“Tiny Sign of Hope”
Lent 2009 – Day 7 (Mar 4)
By Deshi Ramadhani, SJ
Talking about the child within? Well, let me tell you this. Beside my pillow, there are Nemo and Dory. Yes, I sleep with fish! My favorite scene in the movie "Finding Nemo" is when Marlin is in a deep crisis and wants to give up, believing that he will never find back his son Nemo. Dory, the blue fish with short-term memory problem, tries her best (you can hear the funny voice of Ellen DeGeneres here). This is my favorite line said by Dory to the frustrated Marlin: “…And-and I look at you, and I... I'm home! Please. I don't want that to go away. I don't want to forget…” Without knowing, Dory has been able to overcome her short-term memory problem simply by being with Marlin. For me this is a beautiful scene that shows how imperfect persons can go beyond the barrier in each one of them simply by sharing the slightest hope that still remains. For Dory, this tiny sign of hope is that as long as Marlin is around, she can remember certain things!
Jonah is not a perfect prophet at all. He ran away the first time he heard God’s call. The beauty in this story is that God doesn’t give up on Jonah. God tries again, and this time Jonah obeys. Not only that. That fragile prophet simply gives a warning: “Folks, only forty days left!” To his surprise, those words turn out to be powerful. All have to repent! (I can’t help thinking of those poor animals that suddenly have to fast!). Imagine the life in the city of Nineveh during those fasting days. Those days are filled with little story-telling here and there. Those days become special because they simply hold on to the tiny sign of hope that still remains. “Who knows, if we repent, God will not condemn us,” so they think. They aren’t even sure about what God would do to them. Here we see something very beautiful. Something, I believe, that God did on purpose in order to teach Jonah. Here we see how repentance becomes the only hope of life.

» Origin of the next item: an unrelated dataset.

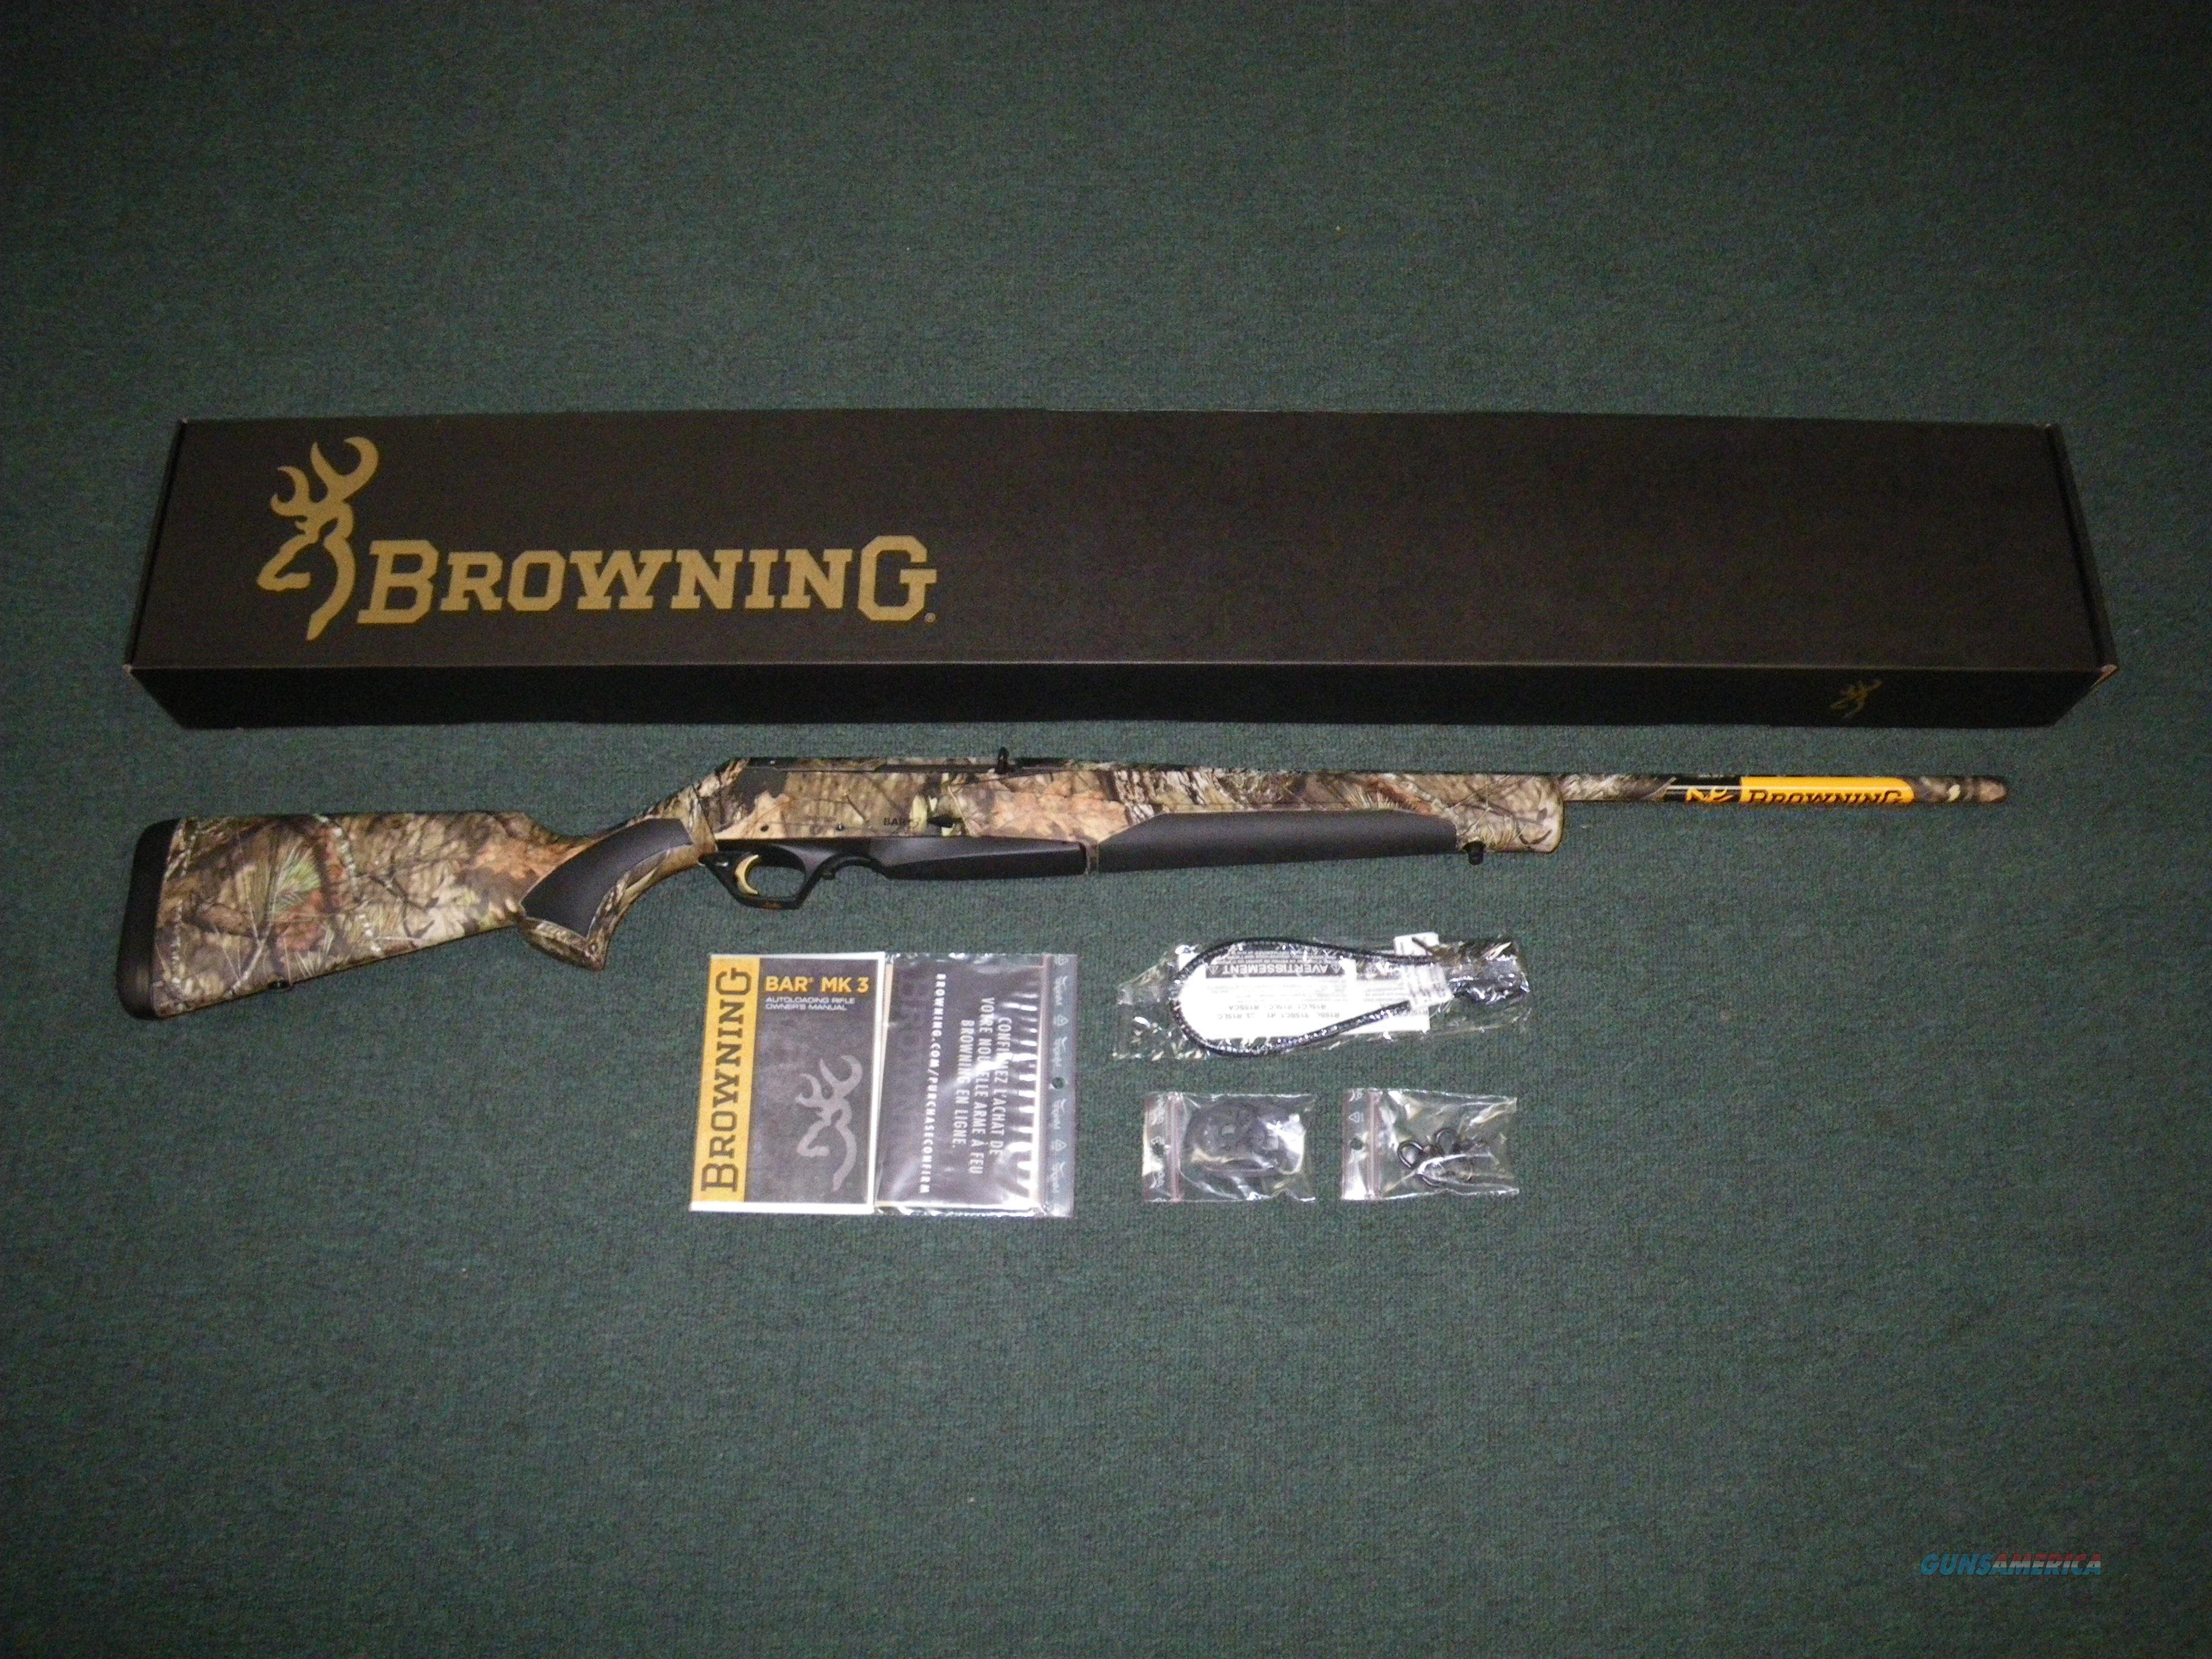 "Browning BAR MK3 MOBU Country 30-06 Spfld 22"" NEW 031049226  Guns > Rifles > Browning Rifles > Semi Auto > Hunting"
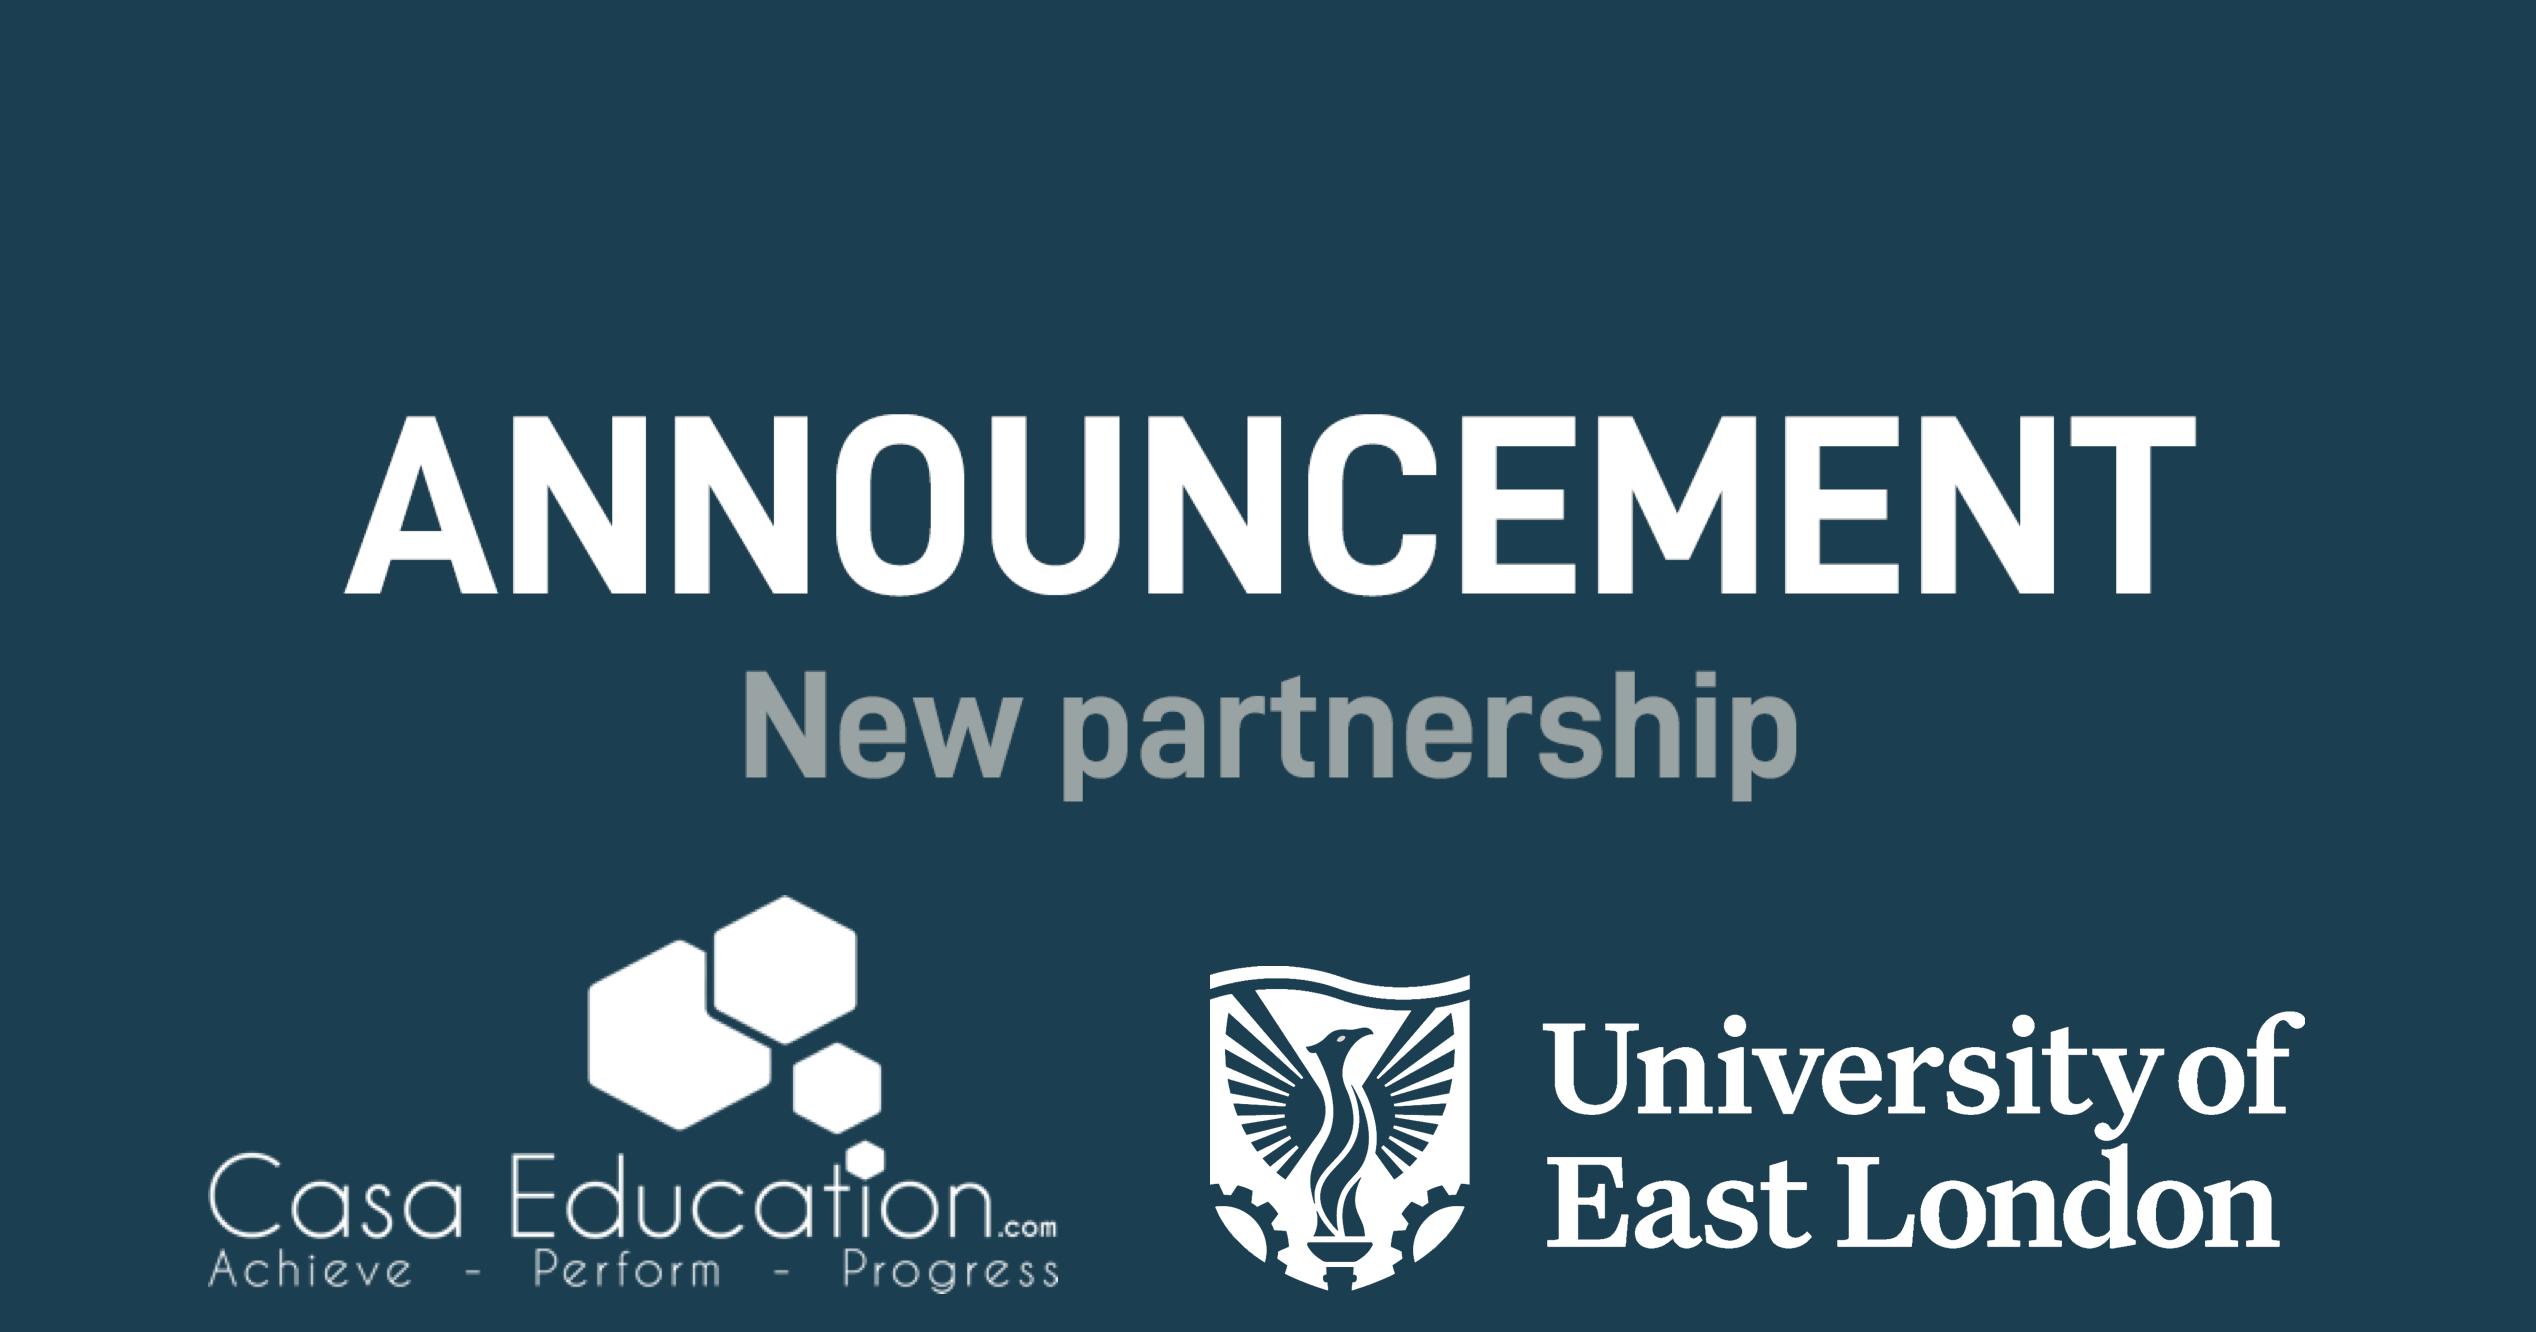 Partnership CasaEducation UEL

The choice between persisting in sin and repenting from sin becomes the choice between death and life.
In the time of Jesus, people around Him seem to have lost their ability to see such tiny sign of hope. Repentance has become, so to speak, a cheap business. In the free market of life out there, the call to repentance doesn’t sell easily. In a sense, that is the situation in which we live today. How often we dream of a spectacular experience of repentance? Only “if” I hear that famous preacher, I will be touched deeply to repent. Only “if” I see a miracle in my brother’s life, I will repent. Only “if” God can really erase poverty from the face of the earth, I will repent. Only “if” there is a dramatic improvement in the stock market, I will certainly repent. The list can go on and on. Just think about the many “ifs” in your life. Or, simply think of all the “ifs” you have told yourself during these first days of Lent. You don’t need any more signs. The very fact that you are alive is a sign from God that you are still granted enough time to repent. It is the tiny sign of hope to which you should cling: repent!